Each utility on the campus has its own Civil 3D model drawing with a pipe network and structures specific to the respective utility. The structures were created in Civil 3D to match the actual size of the structure on the campus, per the site drawings, to help determine actual clashes with the structures.
Furthermore, data shortcuts were developed for each of the Civil 3D models. The design team could then add these data shortcuts to their site drawings and develop profiles to show all utility crossings. Any change to a model would then be automatically reflected in the site drawings and profiles.
Civil 3D models were uploaded weekly to produce a federated model—where all design team consultants were combined into one working 3D model—which was then provided to the contractor. Instead of creating entirely new 3D models from scratch, the federated model was used to create views by specific project phases or the individual trades. Walter P Moore and the other design team consultants that uploaded any data to Cloud Collaboration were appended to the federated model on a weekly basis.
The federated model was used for the campus to see what was occurring within the design as well as to visually see what the layout may look like once construction is completed. For example, it allowed users to visualize a tunnel crossing under a street from the perspective as if the user were viewing the tunnel onsite in real-time. The federate model includes utilities, grading contours, roads, sidewalks, buildings, building foundations, landscape, bridges, tunnels, ramps, retaining walls, and anything else that can be envisioned on the campus. Users have the ability to zoom in and out of the various elements of the model in order to measure clearances between the various utilities.
Any discrepancies between the different project teams’ Civil 3D models were identified and discussed during weekly meetings. In addition, the contractor would inform the design team of the construction sequencing during these meetings to focus on any utilities that would be installed in the near future. The 3D model was updated faster than the drawings, which also made the campus unique because the contractor was building off the model instead of the drawings.
Furthermore, the contractor produced a 3D model of their own and any deviation from Walter P Moore’s model had to be reviewed. As portions of Walter P Moore’s and the contractor’s models were coordinated, they were considered set and ready for construction. In order to keep track of these variations, the contractor incorporated the use of BIM Tracker to create conflict reports, which were then assigned to the appropriate team. This provides a tracking system for both the design teams and the contractor of each individual issue and how it was resolved. It was a process that required much foresight and coordination with the design consultant teams and throughout this process Walter P Moore was Walmart’s liaison between the contractor and the design teams.
Constant Communication
The ability to review the utilities in the software platforms used for the campus resulted in faster conflict identification and resolution. The design teams and the contractor were able to understand the issues immediately by seeing all of them in 3D or in real-time. Identifying the issues early saved time and money on reconstruction efforts.

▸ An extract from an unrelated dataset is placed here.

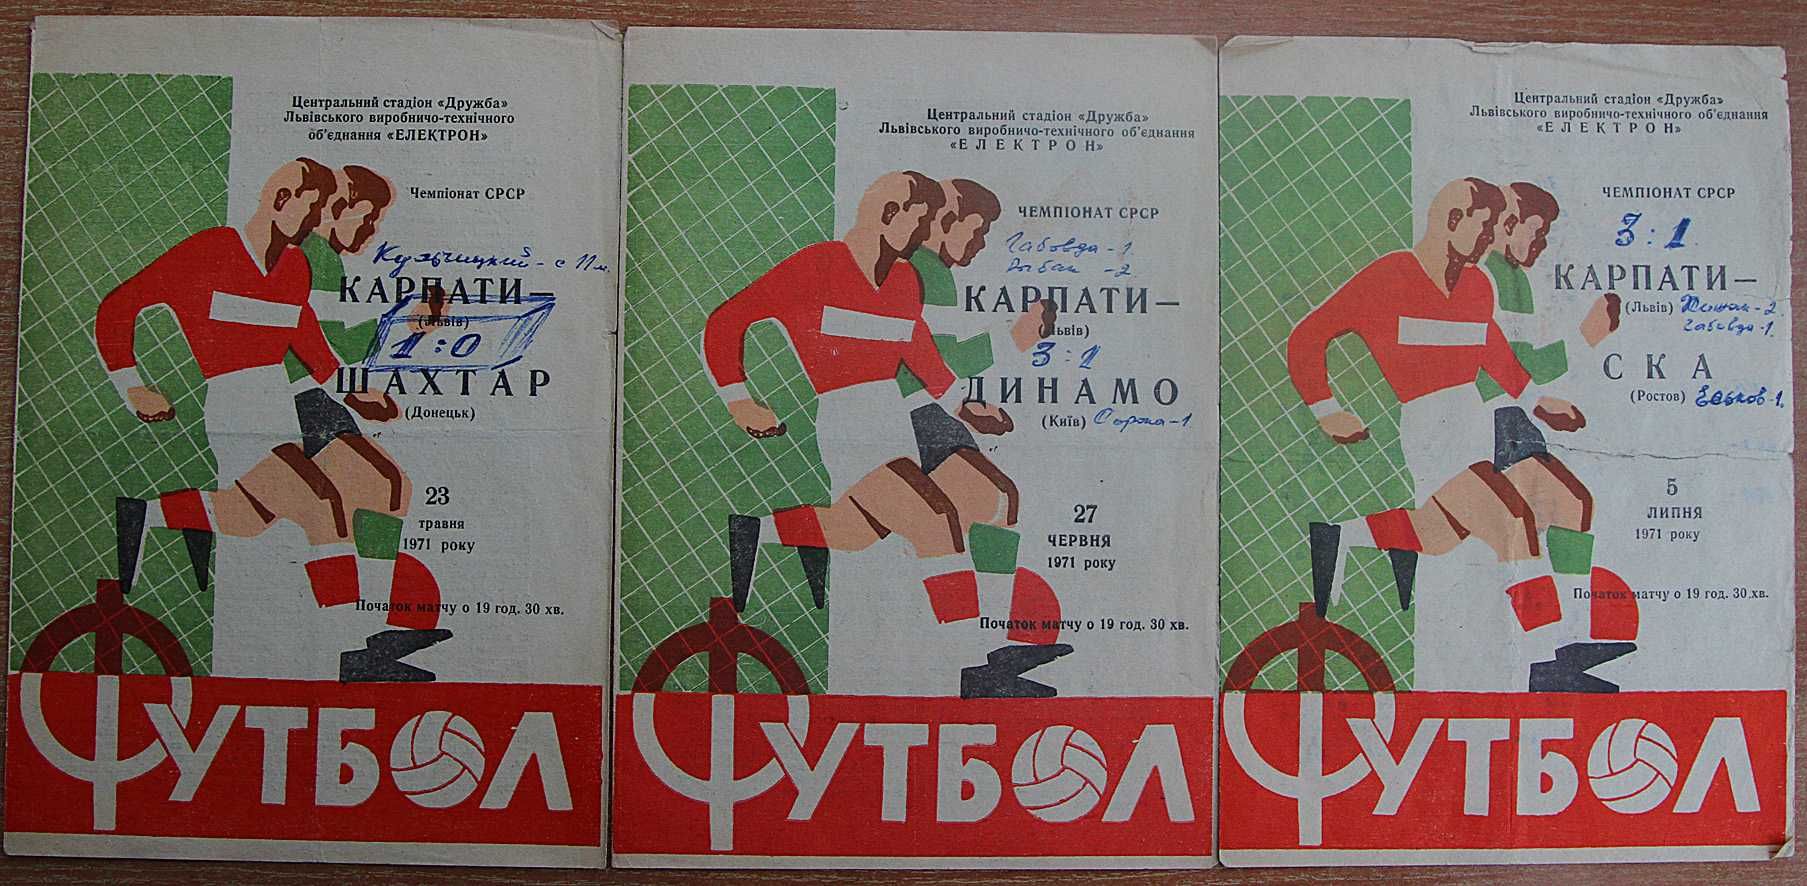 Футбольні програмки Карпати-Шахтар,Динамо(Київ),СКА(Ростов) 1971 рік.

Project managers were assigned for each of the utilities, which meant an abundance of internal meetings and coordination with each of the five zones, utility, mass grading, and infrastructure project managers. Ongoing coordination with the architect, landscape architect, and MEPs (design consultant team) was also critical. Additional coordination with the contractor and their subcontractors was conducted as the utility design advanced to the final stages.
Due to the abundance of moving parts, site components, different phases of design, and the number of utilities for the campus, it would have been impossible not to collaborate—either with the bevy of software programs or the regular building team meetings—to provide a successful design.